Transmission grids can be more efficient if electricity flows are closely monitored through the use of smart meters and software. The distribution side, however, is under pressure to not only distribute power to the system but to accept power inputs from consumers and businesses that generate their own electricity and have excess capacity.
“Electricity now flows both ways when a building has more power than it needs and pushes that to the grid,” Terzic said. “That requires investments in telemetry, measurement, hardware for balancing, and a smarter distribution grid.”
A more intelligent grid system will increase access to lower cost and/or lower carbon energy sources and allow the transmission grid to handle loads more efficiently or shift distribution when problems arise without new investment in lines. A huge benefit to consumers will be fewer line losses and access to demand-side management. Smart meters will allow homeowners and businesses to make choices that have dollar-and-cents impacts, delaying running appliances or machines during peak hours, for example.
Overarching the interest in smart grid technology is a hodgepodge of state public service commissions that control transmission lines and distribution to users. Demand-side management, distributed generation, and the ability for a nonutility power producer to connect to the distribution grid are a few issues still under the purview of state governing bodies.
“Much of the authority to implement new technologies is still exclusively in the hands of the states,” Terzic said.
Beyond the meter
Even before Austin Energy’s smart grid project wrapped up, utility officials unveiled plans for what it calls Smart Grid 2.0, developed in conjunction with the Pecan Street Project. The project is a partnership among Austin Energy, the city of Austin, The University of Texas, the Greater Austin Chamber of Commerce, the Environmental Defense Fund, Dell, GE, IBM, Intel, Oracle, Cisco Systems, Microsoft, Freescale Semiconductor, Sematech, GridPoint, and several others.

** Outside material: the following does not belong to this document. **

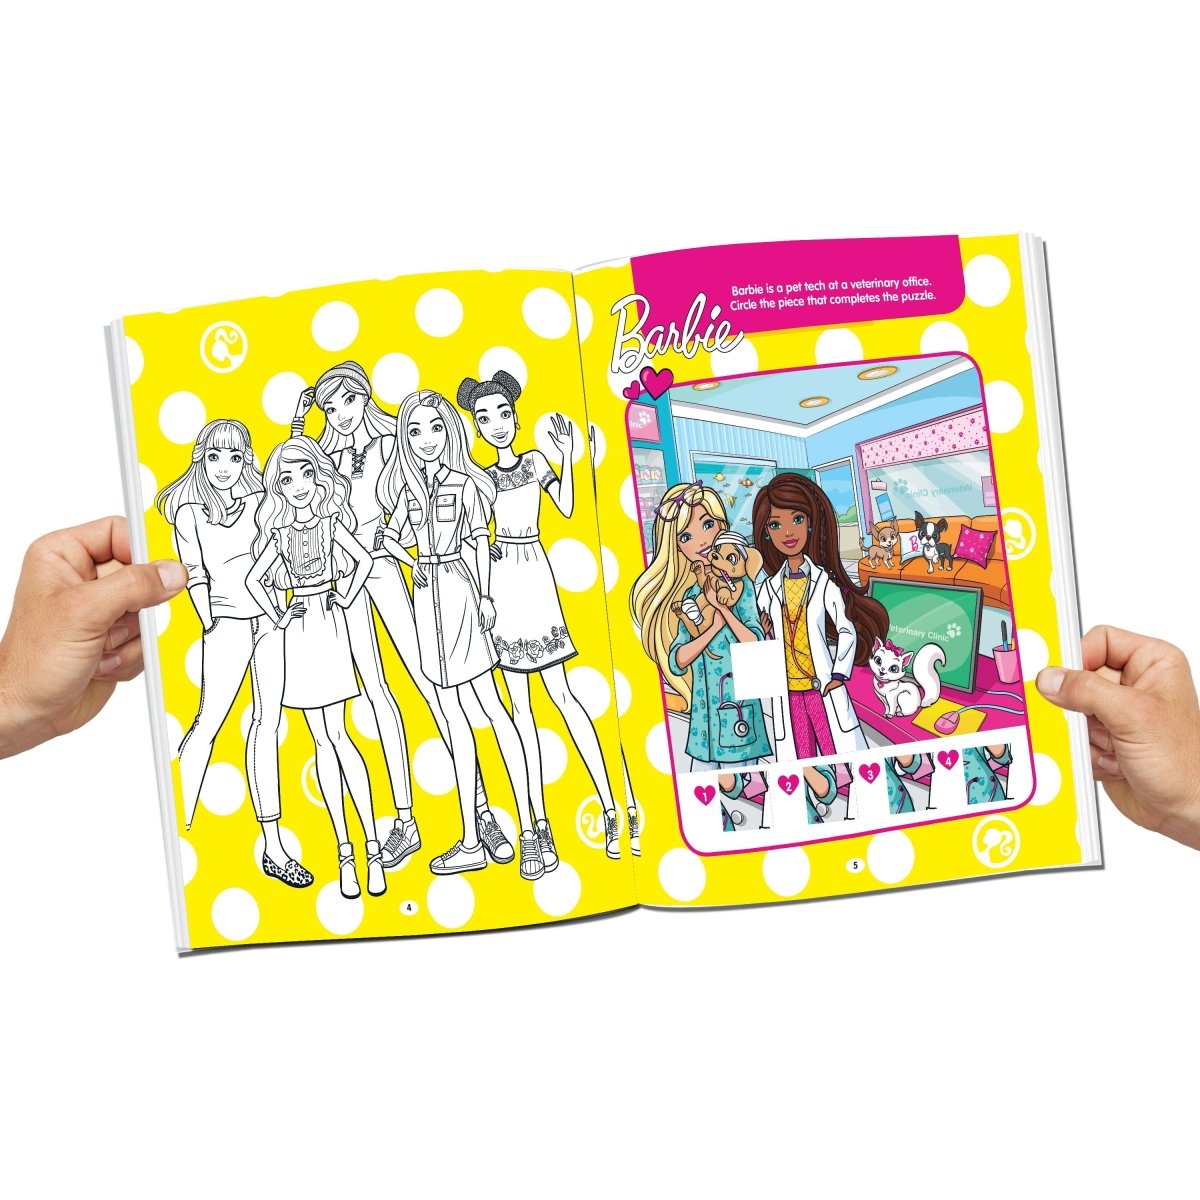 Dreamland Publications Barbie Colouring And Activity Books Pack (A Pack of 4 Books) - 9789394767775

Smart Grid 2.0 focuses on the grid beyond the meter and into the premise (e.g. home, office, store, mall, building) with integration back to the utility grid. “Our Smart Grid 2.0 is about managing and leveraging distributed generation (solar, micro wind, etc), storage, plug-in hybrid vehicles, electric vehicles, and smart appliances on the customer side of the meter,” Carvallo writes on his blog, CIO Master (www.ciomaster.com).
The power and transportation sectors are the number one and number two users of energy in the US, combining for nearly 70% of the total. The vision of the Pecan Street Project is to solve the energy problem in Austin by reinventing the power sector via moving into new energy models, including interconnecting with the transportation sector.
The first phase will be complete by the end of August 2009 and will focus on developing an action plan for Austin Energy and identifying key barriers that must be overcome for success.
“We want to transform Austin Energy into the urban power system of the future while making the city of Austin and its local partners a local clean energy laboratory and hub for the world’s emerging cleantech sector,” Carvallo said.
“In doing so, we seek to prove that it is possible to remake the way we produce, use, store, and trade energy in a way that is simultaneously consistent with our economical, environmental, social, and security objectives.”